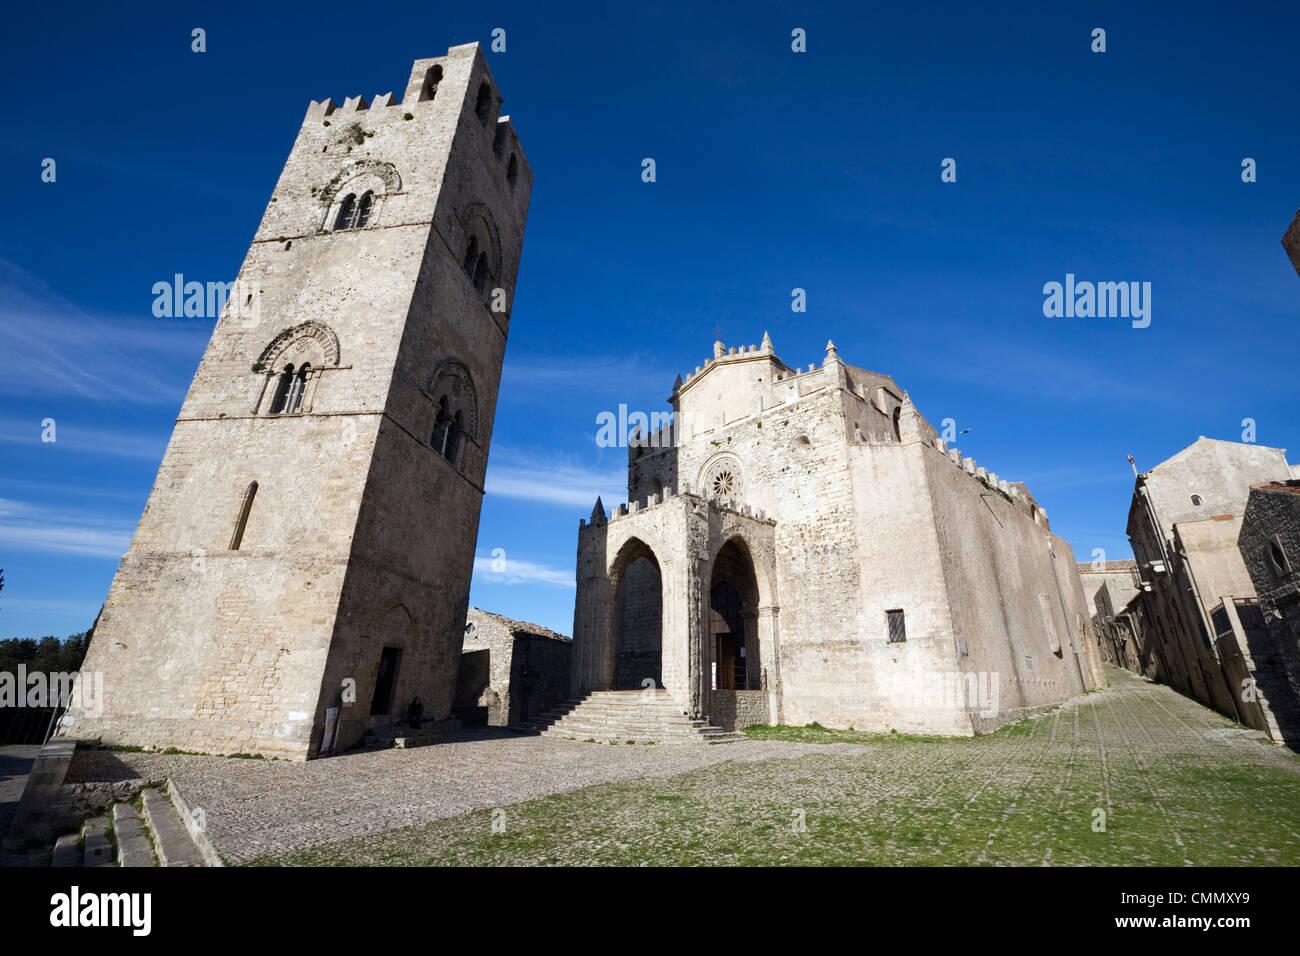 The Duomo, Erice, Sicily, Italy, Europe - Stock Image
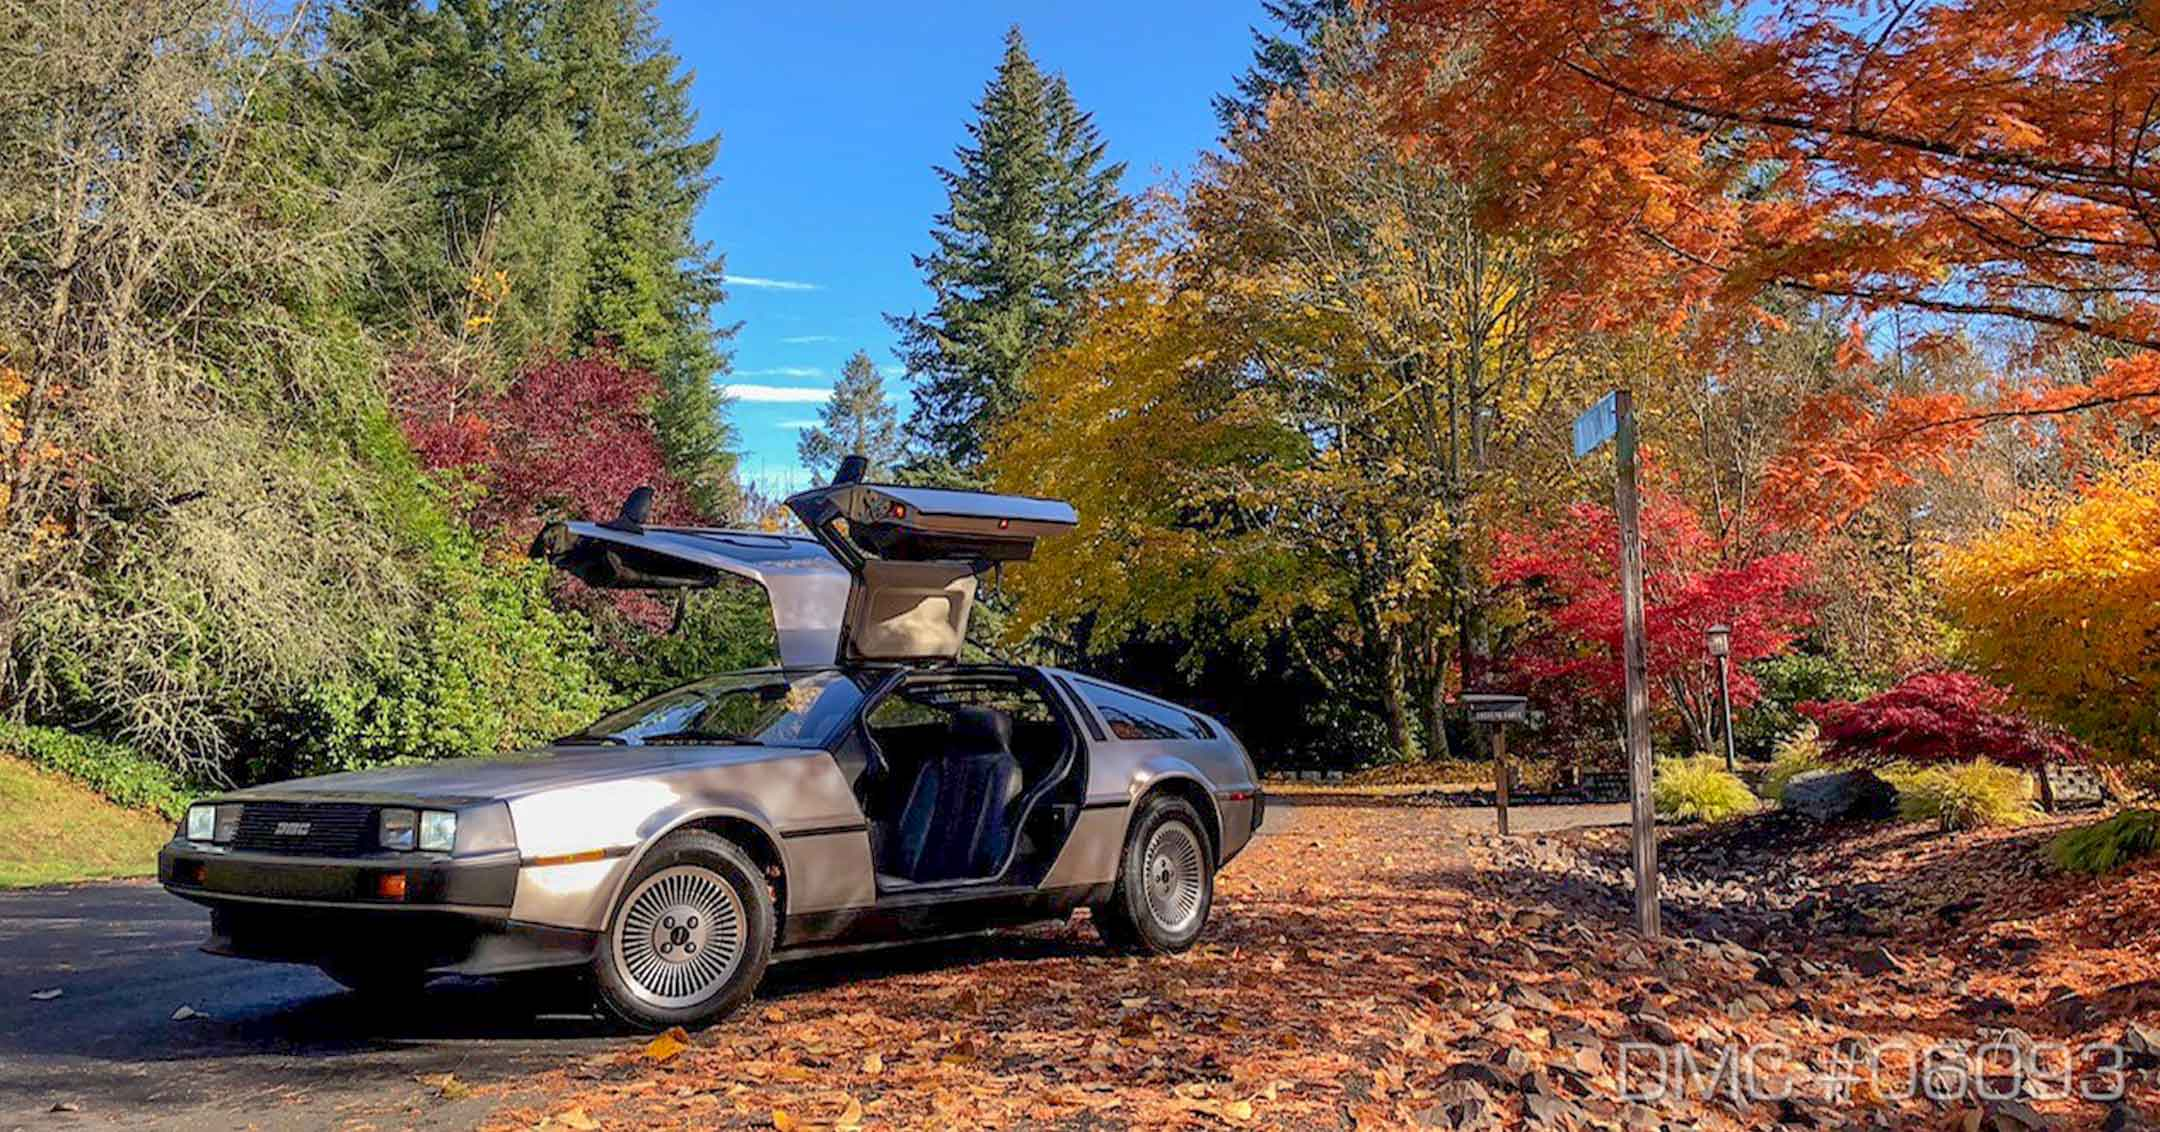 SCEDT26T7BD006093 | DeLoreanDirectory.com
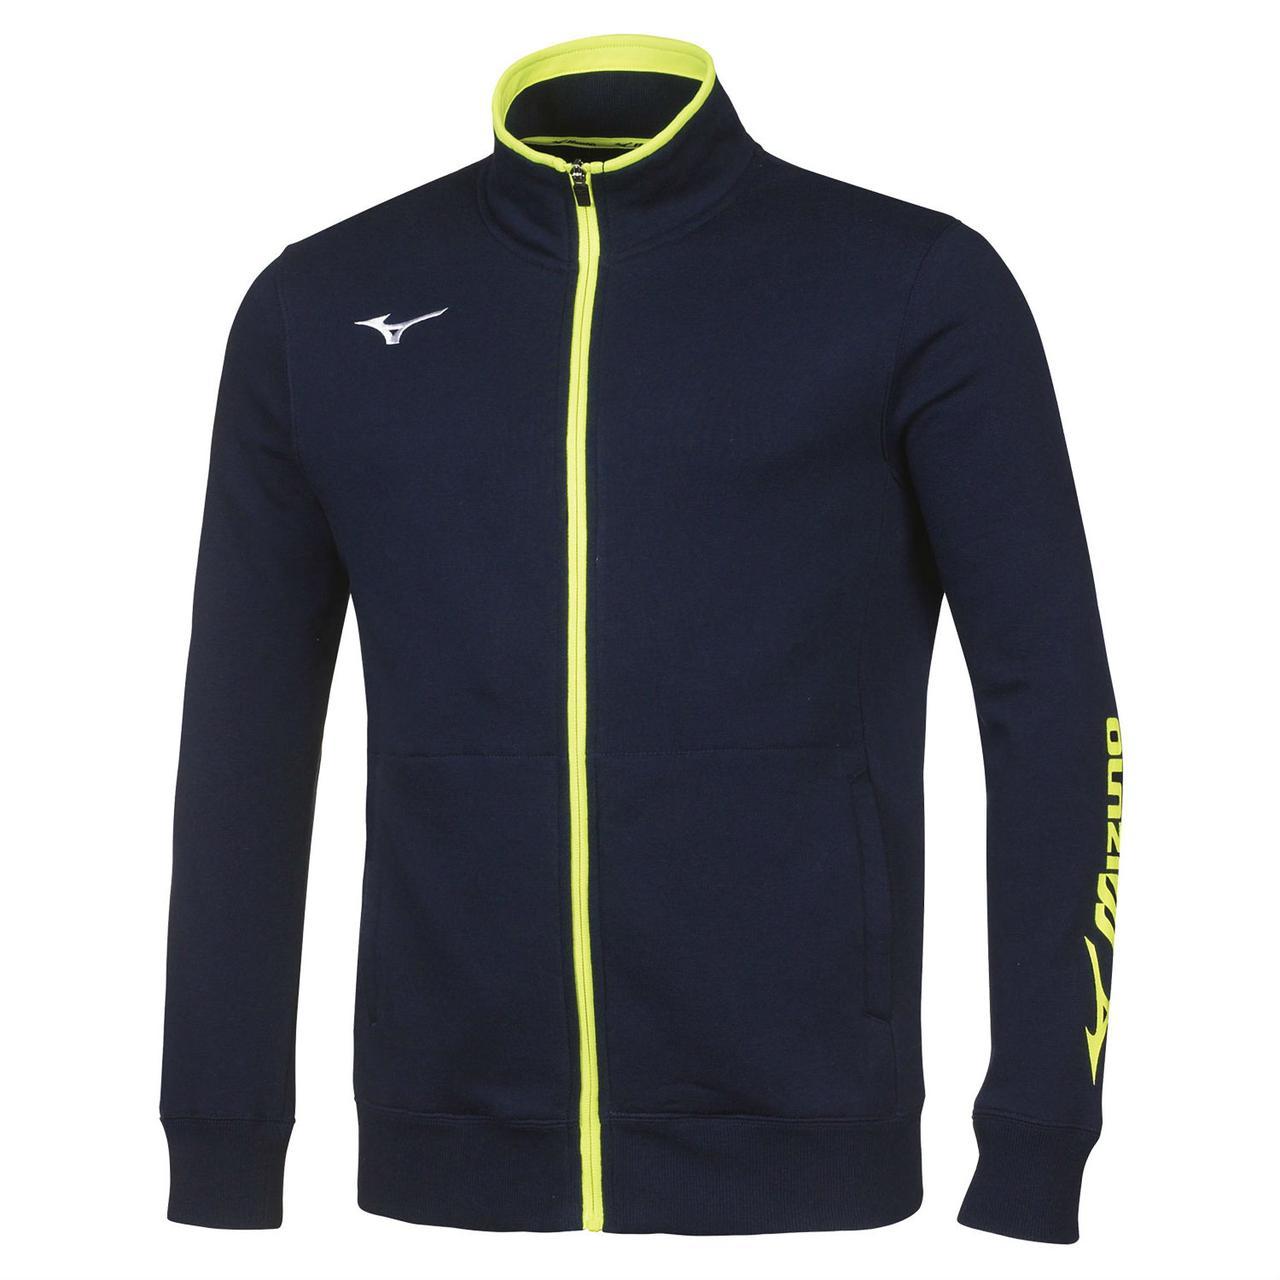 Толстовка Mizuno Sweat Fz Jacket (32EC7009-14)
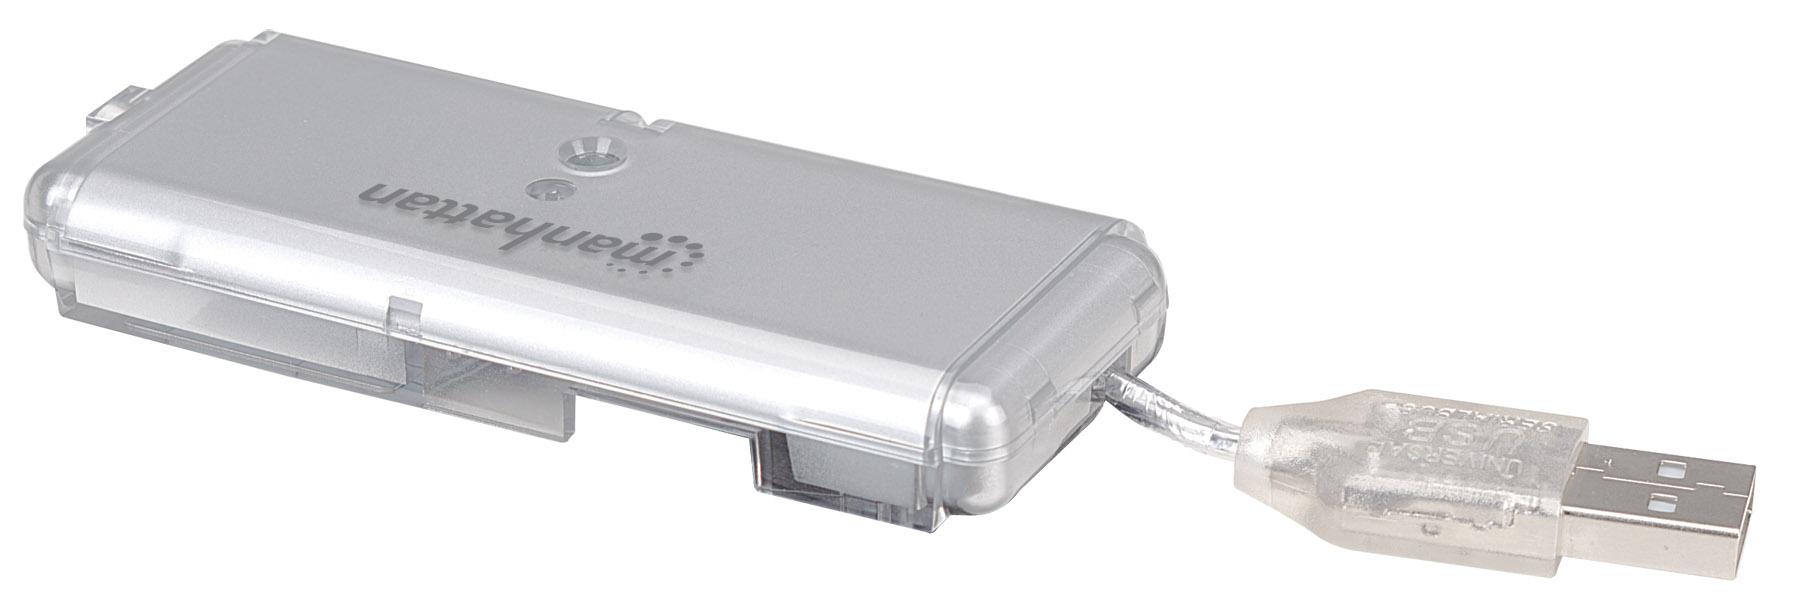 Hi-Speed USB Pocket Hub

● PROBLEM
No picture should be included when the data are set down again exactly.

● ANSWER SPACE
 The Duomo, Erice, Sicily, Italy, Europe - Stock Image
 SCEDT26T7BD006093 | DeLoreanDirectory.com
 Толстовка Mizuno Sweat Fz Jacket (32EC7009-14)
 Hi-Speed USB Pocket Hub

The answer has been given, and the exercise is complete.